British spy agency MI6 is “wary” of sharing information with gaffe-prone Foreign Secretary Boris Johnson because the spooks “do not trust him,” it has been claimed. They also don’t like his style, behavior and humor, reports suggest.
Johnson was forced to defend his approach and sense of humor on Wednesday as he hit back at suggestions his witticisms are damaging Britain’s relationships with other countries. “Telling jokes is often a very effective way of getting a diplomatic message across,” he told MPs.

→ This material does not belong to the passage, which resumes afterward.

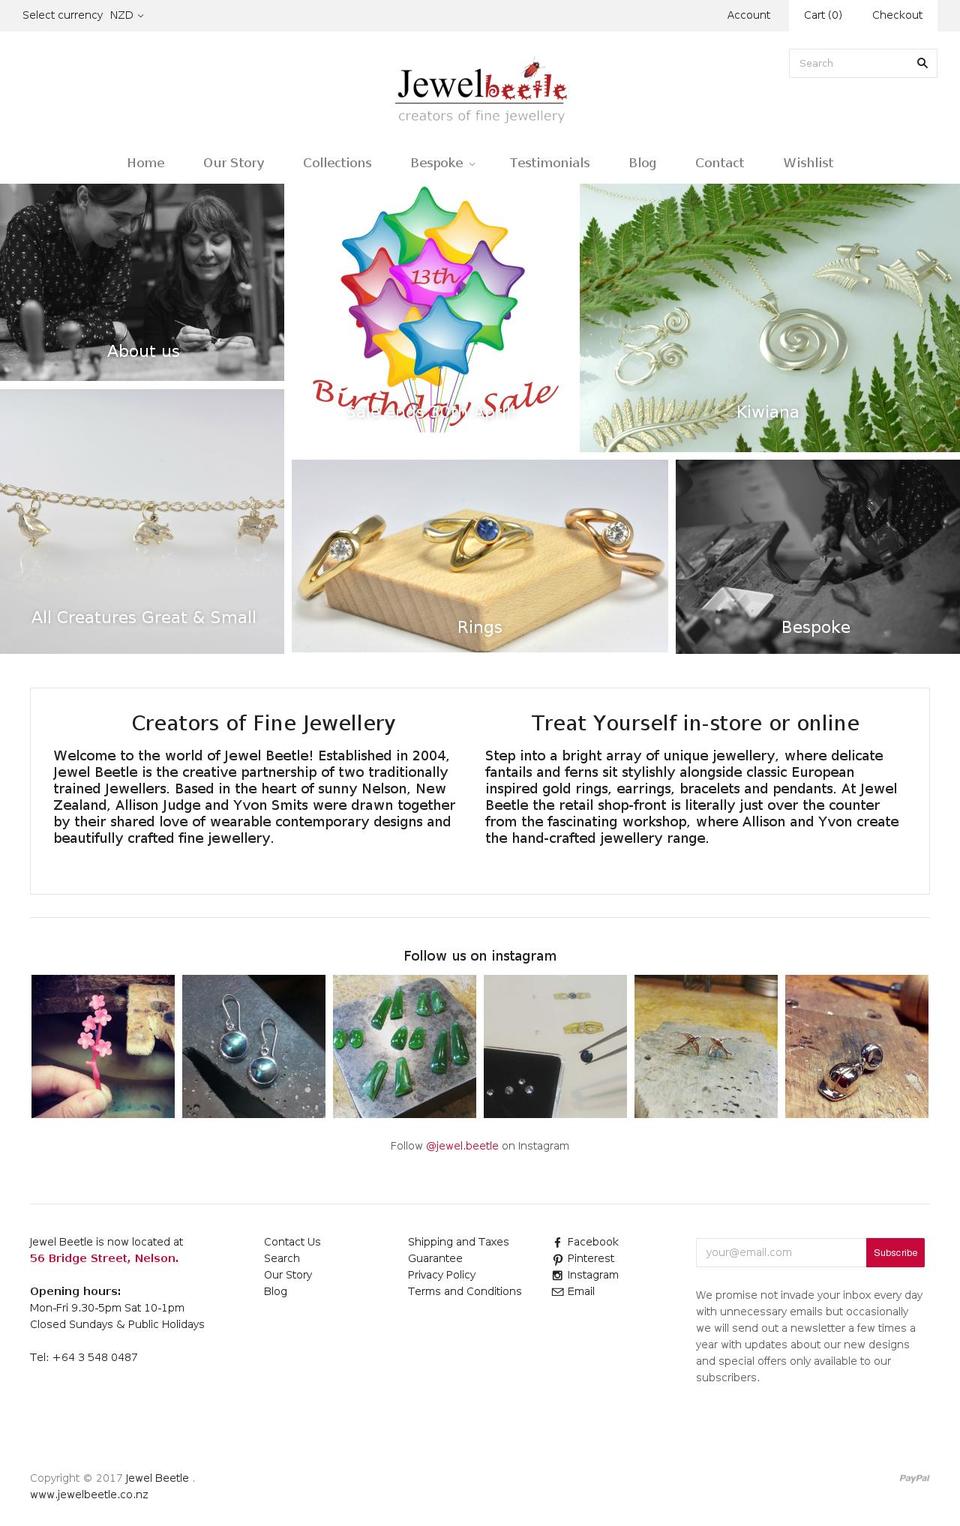 jewelbeetle.co.nz shopify website screenshot

His comments came after Tory MP Tom Tugendhat, chairman of the Commons Foreign Affairs Committee, warned Johnson it is “really, really hard to do cross-cultural humor.” Johnson was censured last month for saying that the Libyan town of Sirte, a former Islamic State stronghold, could be “the next Dubai” once it “clear[s] the dead bodies away.”

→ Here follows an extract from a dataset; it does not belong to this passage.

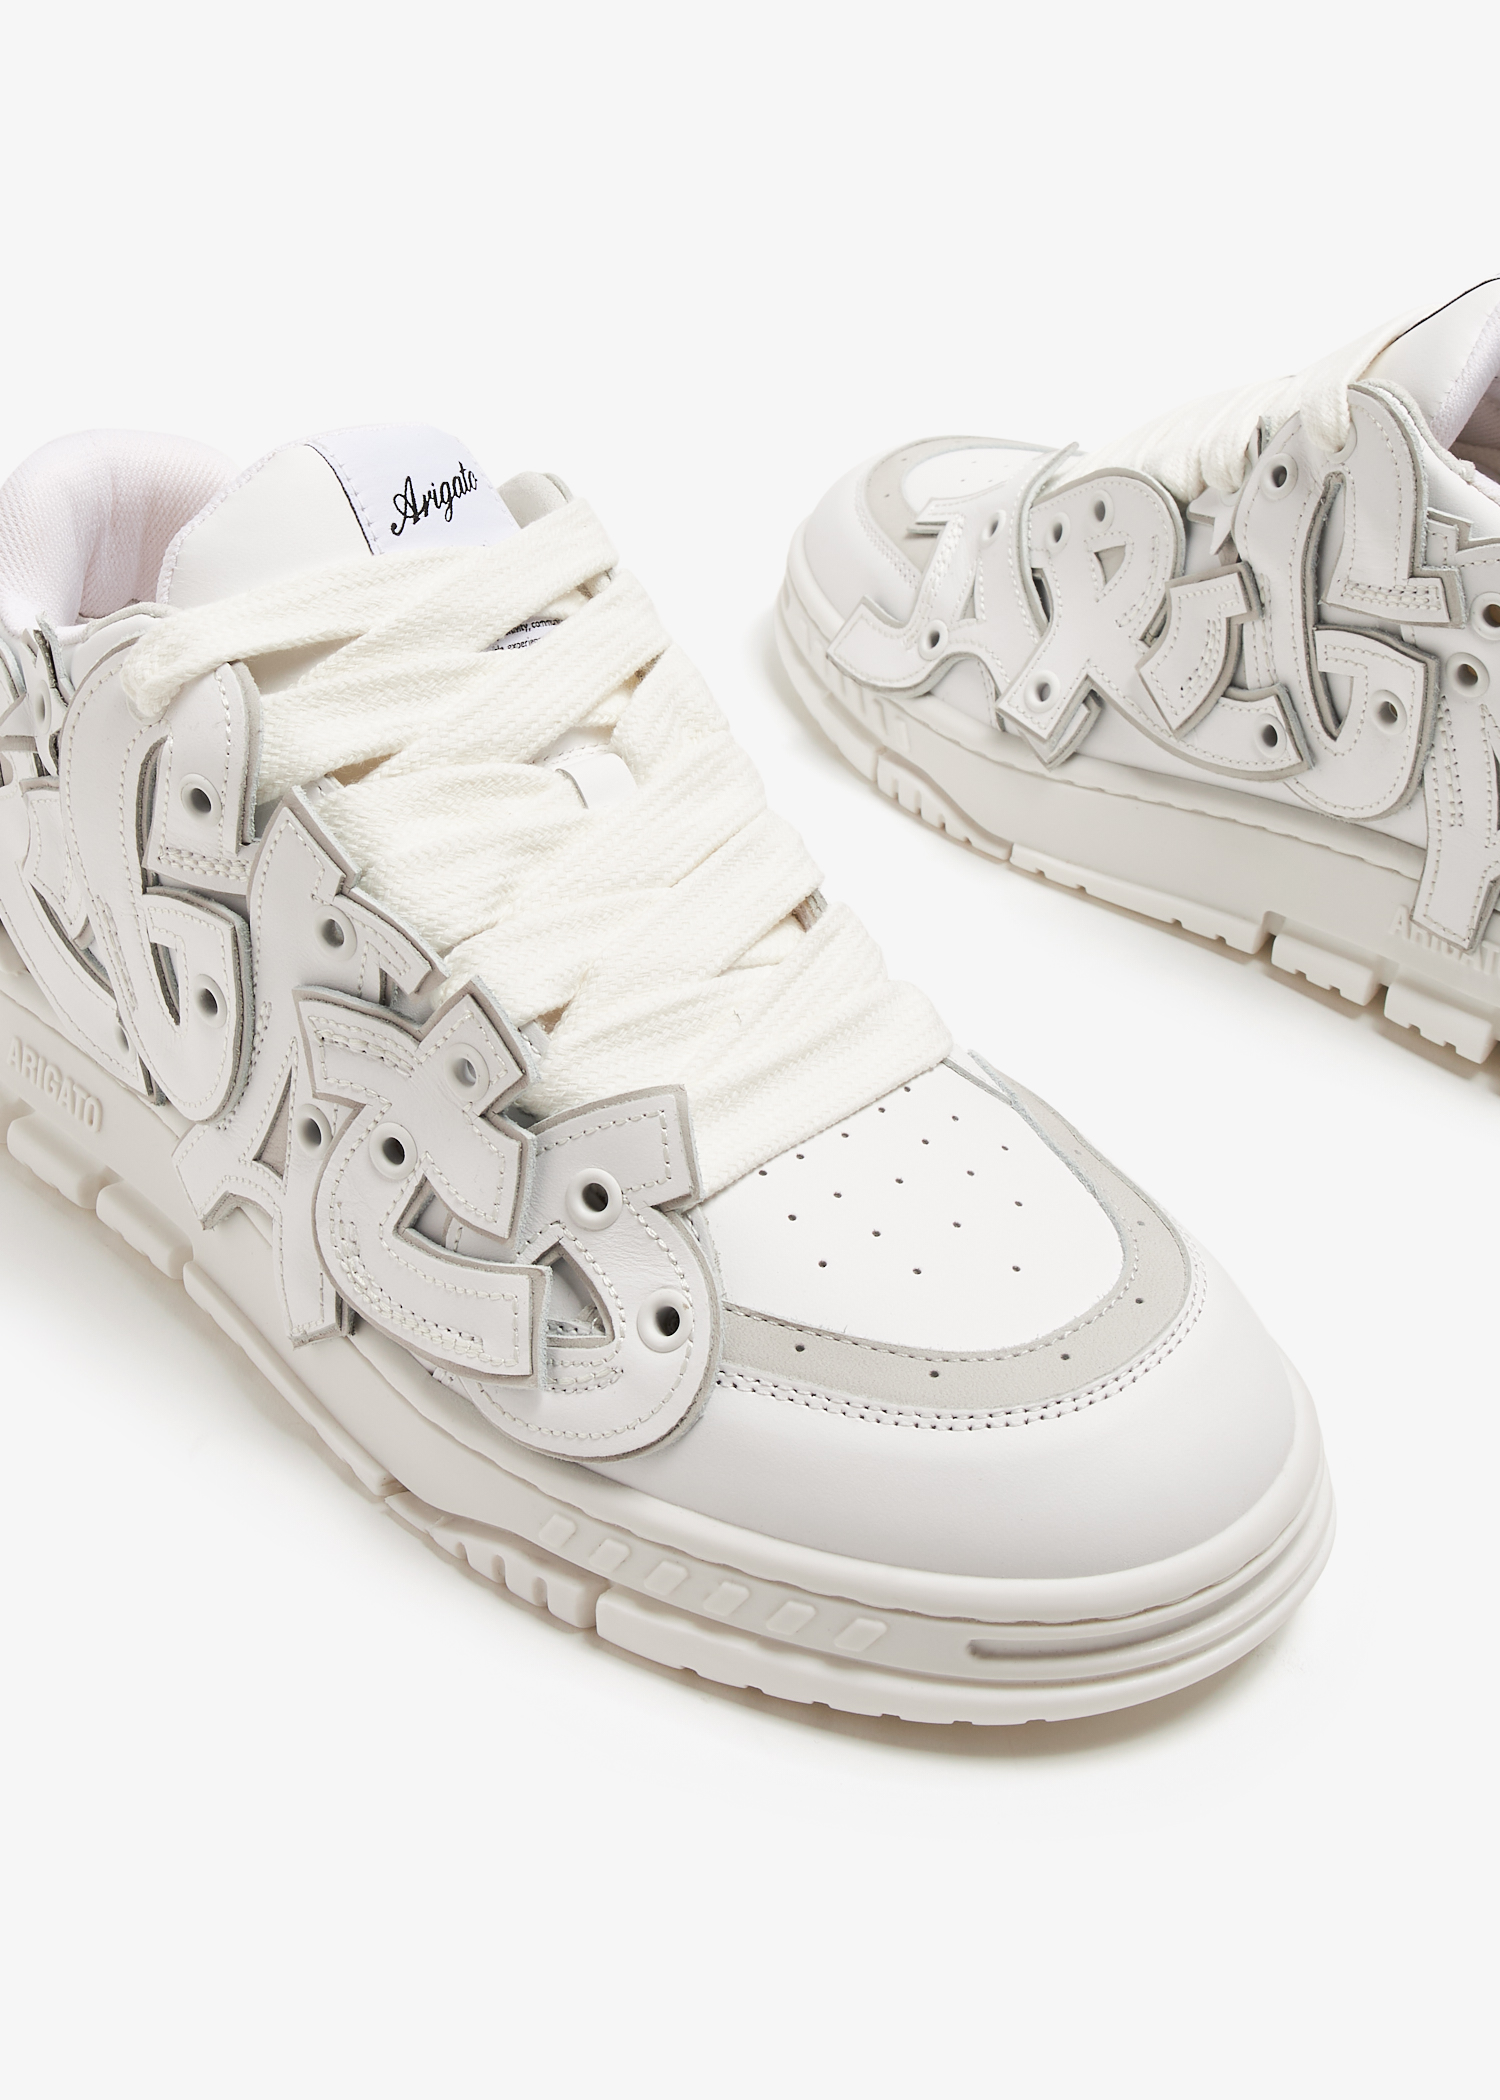 Axel Arigato Area Typo sneakers for Men - White in KSA | Level Shoes

Responding to Tugendhat, Johnson said it was “a little bit condescending” to think that those in other countries did not have a sense of humor. “Sometimes actually people greatly appreciate you are talking to them in an informal way while subtly getting the point across,” he said.
According to the Daily Mail, a report from the latest edition of the New Statesman, a left-of-center political magazine, says: “Even [Johnson’s] ministerial team at the Foreign Office is said to be unhappy. The intelligence services are believed to be wary of sharing sensitive information with him, and on occasion relations with his instinctively Europhile civil servants have been strained.”
The Daily Mail quotes a former British ambassador calling Johnson “the least deserving and least qualified foreign secretary in modern times, who has successfully lived down to all expectations,” while another reportedly said, “Churchill would have thought he was a second-rate chancer.”
A senior European diplomat reportedly said Johnson was “not taken seriously as a foreign policy actor” and was damaging British interests. He added that many of his European counterparts “positively dislike him.”
Sir Nigel Sheinwald, a former ambassador to the US and the European Union, added that “His style gets in the way of handling foreign relations in a serious, responsible way at a time of real difficulty for this country. I don’t think he’s been at all helpful to the UK national interest, and I think that’s very regrettable indeed.”